Are you ageist and don't realize it?

by Successful Aging in Action! | 5.8.19

Ageism is Discrimination


Ageism is the last acceptable form of discrimination in our country. You might be thinking, “Of course I’m not ageist; I love older adults!” Or, “This doesn’t apply to me; I am an older adult!” Unfortunately, ageism is so much a part of mainstream society, we likely do not recognize all the ways it influences our language and behaviors.

For instance, consider the current thinking about retirees – once they finish working, they are no longer considered contributors to society, and are viewed as a burden to precious resources. What about within retirement communities, where levels of living are separated? Do you find yourself judging those who live “over there” in assisted living? And how many times have you said, “Pardon me, I’m having a senior moment?"

Age discrimination is not just about how the younger generations behave toward the older generations. It impacts every single person in our society by infiltrating our subconscious views of aging. This ultimately results in the very harmful ways we judge our own aging journey; this is sometimes referred to as internalized ageism. Each of us tends to be our own worst critic. Unfortunately, when this is fueled by negative views from society, it can result in disastrous effects. We see the symptoms of those struggling with age discrimination – both external and internal. 
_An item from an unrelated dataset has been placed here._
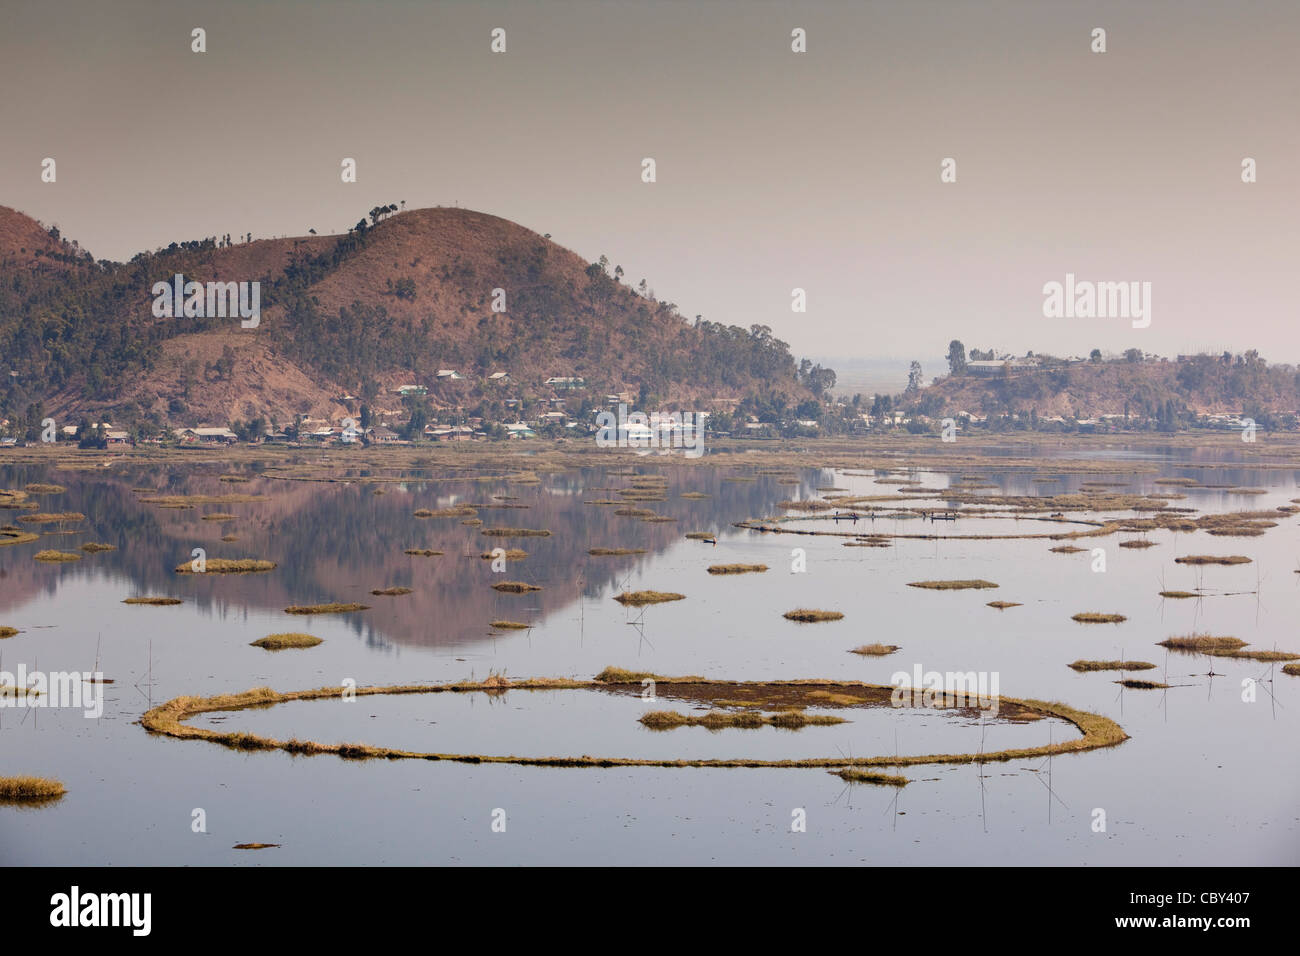 Indien, Manipur, Imphal, Loktak See, kreisförmige schwimmenden Inseln Versandkäfigen aus Wasserhyazinthe Unkraut Stockfoto

Key indicators include hopelessness, depression, lack of meaning and purpose, withdrawal from activities, isolation from social interactions. We also see it in the hesitation to ask for support, in “not wanting to be a burden,” and not viewing the ways in which we support others as being noteworthy. At minimum, it is limiting ourselves to what older adults “should” and “shouldn’t” do.

To whose views are we subscribing? What can you do to increase awareness and take action? 

  • Examine your language and behaviors for signs of ageism, including your “inner voice” regarding your own aging experience.
  • Try the ageism litmus test: replace a gender or ethnicity with the world “old” or “senior” in a sentence, and consider whether the sentence is acceptable.
  •  The ‘Still’ challenge: Do you use the word “still,” as in “He’s still hiking at age 88.” This small word brings a large dose of ageism into a single sentence.
  • Talk about your observations and fears about aging with a supportive group of peers.
  • Be inclusive to ALL individuals, regardless of physical or cognitive ability, and be brave enough to challenge those who are not.

By Christa Bitner - Published in the July/August 2013 Masterpiece Living Mosaic

Successful Aging in Action!

Written by Successful Aging in Action!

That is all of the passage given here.